▸ **WORK TO BE COMPLETED**:
Tally the lines in the entries where the string "レディース" appears, and write only the total.

•••••

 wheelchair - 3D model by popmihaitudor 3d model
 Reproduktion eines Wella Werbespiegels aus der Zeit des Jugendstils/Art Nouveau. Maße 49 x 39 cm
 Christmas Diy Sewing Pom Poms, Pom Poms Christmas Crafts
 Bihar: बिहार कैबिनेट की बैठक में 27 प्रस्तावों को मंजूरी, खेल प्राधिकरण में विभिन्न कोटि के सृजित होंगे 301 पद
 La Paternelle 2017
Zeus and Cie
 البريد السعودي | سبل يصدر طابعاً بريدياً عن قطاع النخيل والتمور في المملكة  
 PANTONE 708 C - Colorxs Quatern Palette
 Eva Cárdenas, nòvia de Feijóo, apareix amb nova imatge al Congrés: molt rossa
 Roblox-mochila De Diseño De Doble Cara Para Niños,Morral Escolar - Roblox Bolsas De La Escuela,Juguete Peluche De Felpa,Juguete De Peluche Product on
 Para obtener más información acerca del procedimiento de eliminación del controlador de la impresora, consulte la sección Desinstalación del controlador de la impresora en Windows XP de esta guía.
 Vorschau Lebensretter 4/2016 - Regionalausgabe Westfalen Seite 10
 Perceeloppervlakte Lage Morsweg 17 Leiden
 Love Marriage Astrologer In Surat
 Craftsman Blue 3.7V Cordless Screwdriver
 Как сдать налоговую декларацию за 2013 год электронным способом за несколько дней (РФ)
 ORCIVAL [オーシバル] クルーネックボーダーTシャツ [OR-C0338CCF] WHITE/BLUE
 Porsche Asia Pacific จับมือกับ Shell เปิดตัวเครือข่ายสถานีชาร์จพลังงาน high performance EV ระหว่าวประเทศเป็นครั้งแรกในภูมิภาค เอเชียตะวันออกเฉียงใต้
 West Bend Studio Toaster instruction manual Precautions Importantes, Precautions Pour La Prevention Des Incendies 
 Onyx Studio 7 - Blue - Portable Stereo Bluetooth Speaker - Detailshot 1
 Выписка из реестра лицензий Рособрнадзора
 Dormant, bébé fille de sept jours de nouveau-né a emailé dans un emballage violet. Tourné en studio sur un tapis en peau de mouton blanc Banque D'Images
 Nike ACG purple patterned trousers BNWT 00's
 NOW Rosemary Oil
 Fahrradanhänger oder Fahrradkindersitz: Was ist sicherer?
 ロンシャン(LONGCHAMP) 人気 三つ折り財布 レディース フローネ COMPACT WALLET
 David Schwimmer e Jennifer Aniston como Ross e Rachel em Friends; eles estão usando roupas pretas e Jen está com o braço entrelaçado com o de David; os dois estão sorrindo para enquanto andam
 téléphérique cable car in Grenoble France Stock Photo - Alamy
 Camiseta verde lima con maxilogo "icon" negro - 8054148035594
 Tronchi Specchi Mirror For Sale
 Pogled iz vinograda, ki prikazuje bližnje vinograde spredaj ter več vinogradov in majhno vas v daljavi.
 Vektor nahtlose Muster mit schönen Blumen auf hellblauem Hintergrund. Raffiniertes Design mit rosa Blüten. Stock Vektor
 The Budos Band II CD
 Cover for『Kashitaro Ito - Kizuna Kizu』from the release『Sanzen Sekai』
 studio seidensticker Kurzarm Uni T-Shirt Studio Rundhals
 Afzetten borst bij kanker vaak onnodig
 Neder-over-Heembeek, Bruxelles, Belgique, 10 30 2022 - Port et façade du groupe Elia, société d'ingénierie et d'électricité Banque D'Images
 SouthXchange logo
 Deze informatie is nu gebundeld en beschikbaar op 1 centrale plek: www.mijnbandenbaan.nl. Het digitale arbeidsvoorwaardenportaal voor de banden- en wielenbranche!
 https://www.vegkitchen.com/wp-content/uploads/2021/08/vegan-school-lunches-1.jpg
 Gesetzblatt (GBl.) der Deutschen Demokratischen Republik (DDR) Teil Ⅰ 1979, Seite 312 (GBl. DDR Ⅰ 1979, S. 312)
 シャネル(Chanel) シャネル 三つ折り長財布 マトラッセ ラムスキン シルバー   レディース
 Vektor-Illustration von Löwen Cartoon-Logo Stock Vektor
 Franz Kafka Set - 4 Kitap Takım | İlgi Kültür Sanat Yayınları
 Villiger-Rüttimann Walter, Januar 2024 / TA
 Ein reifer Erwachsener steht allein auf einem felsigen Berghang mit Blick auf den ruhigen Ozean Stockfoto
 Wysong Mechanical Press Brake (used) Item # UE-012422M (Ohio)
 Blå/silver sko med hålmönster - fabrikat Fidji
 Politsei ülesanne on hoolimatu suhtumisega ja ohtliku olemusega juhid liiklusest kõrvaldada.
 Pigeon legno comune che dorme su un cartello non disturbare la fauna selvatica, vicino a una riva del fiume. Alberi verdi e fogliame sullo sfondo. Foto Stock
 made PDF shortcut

•••••

▸ **SOLUTION**:
2